Thirty years later, it still makes their blood boil. When, in April 1971, John Kerry testified to a Senate committee that “…war crimes committed in Southeast Asia [were] not isolated incidents but crimes committed on a day-to-day basis with the full awareness of officers at all levels of command,” he said that the average American soldier who fought in Vietnam was a war criminal. Kerry’s statement was false, a blood libel that hangs in the air to this day. If John Kerry had apologized, maybe he’d never have had to deal with the little group that calls itself “Vietnam Veterans for Truth.”

A Martian observer at the Democratic Convention could have concluded that we won the Vietnam War, and did so because of John Kerry’s bravery. He wouldn’t know that there are really three John Kerrys: presidential candidate Lt. (j.g.) Kerry, radical anti-war protester Kerry, and Senator Kerry. If–as many now believe–Kerry lied about his war record, that’s bad news for candidate Lt. Kerry. But if Lt. Kerry lied, he was lying about himself. For the common soldiers of the Vietnam War, anti-war radical Kerry lied about them in his Senate testimony. For that, they will neither forgive him nor sit idly while he pursues the presidency. And Candidate Kerry is about to have a very bad day: A whole bunch of those common soldiers Kerry purported to speak for on that April 1971 day are coming to Washington on September 12. They will rally under a banner that says, “Kerry lied while good men died.”

That Sunday afternoon, hundreds–perhaps thousands–of Vietnam-era veterans will gather near the Capitol building to condemn Kerry for his 1971 libel, and for repeating those lies again and again in his political career. Members of Vietnam Veterans for Truth–and other Vietnam vets–will come by plane, by car, and by bus from New England and Florida, from the Midwest and all over.

When I spoke to organizer Larry Bailey, he said that about 5,000 men were expected at the rally. More than 500 have contributed to Vietnam Veterans for Truth in amounts as little as $2 and as much as $1000. Money was coming in, but the story needed to get out. As you’d expect, the Vietnam Veterans for Truth aren’t getting any coverage in the papers or the network news. They need help spreading the word.

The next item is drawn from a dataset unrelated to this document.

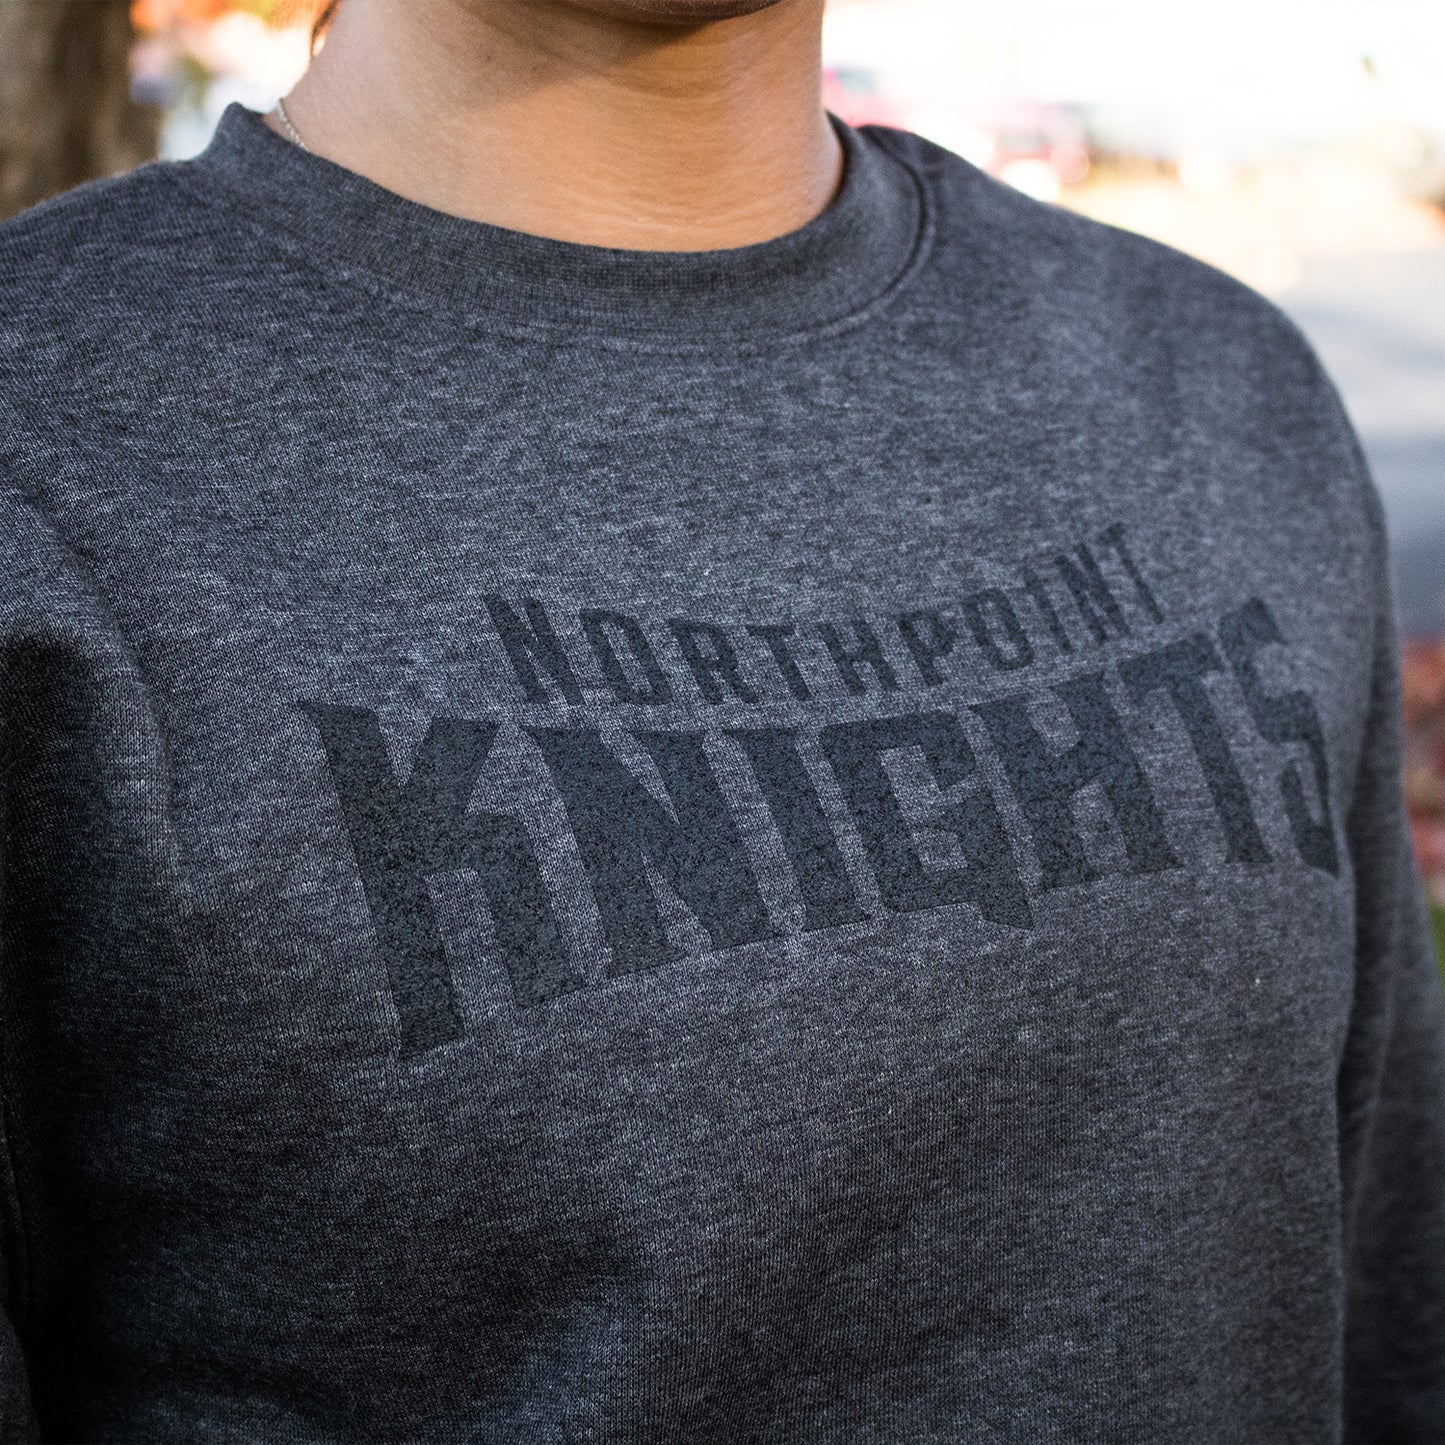 NorthPoint Knights Crewneck Sweatshirt

This rally may be bigger than its organizers anticipate. Because what they’re protesting is not some vague moral principle: It’s not, in the words of Vito Corleone, “only business.” It’s personal to men like Tony Snesko, Larry Bailey, Mike Bradley, Denny Baum, and Pete Webster. They were the men serving on the Swift boats, in the infantry. They were the ones who risked their lives, shot and were shot at, and were often wounded. They were the ones who saw their friends killed. What resonates so loudly in their minds is likely to reach many of the other Vietnam vets who don’t remember Lt. (j.g.) John Kerry, and don’t think much of Senator John Kerry–but who all remember John Kerry, leader of the radical Vietnam Veterans Against the War.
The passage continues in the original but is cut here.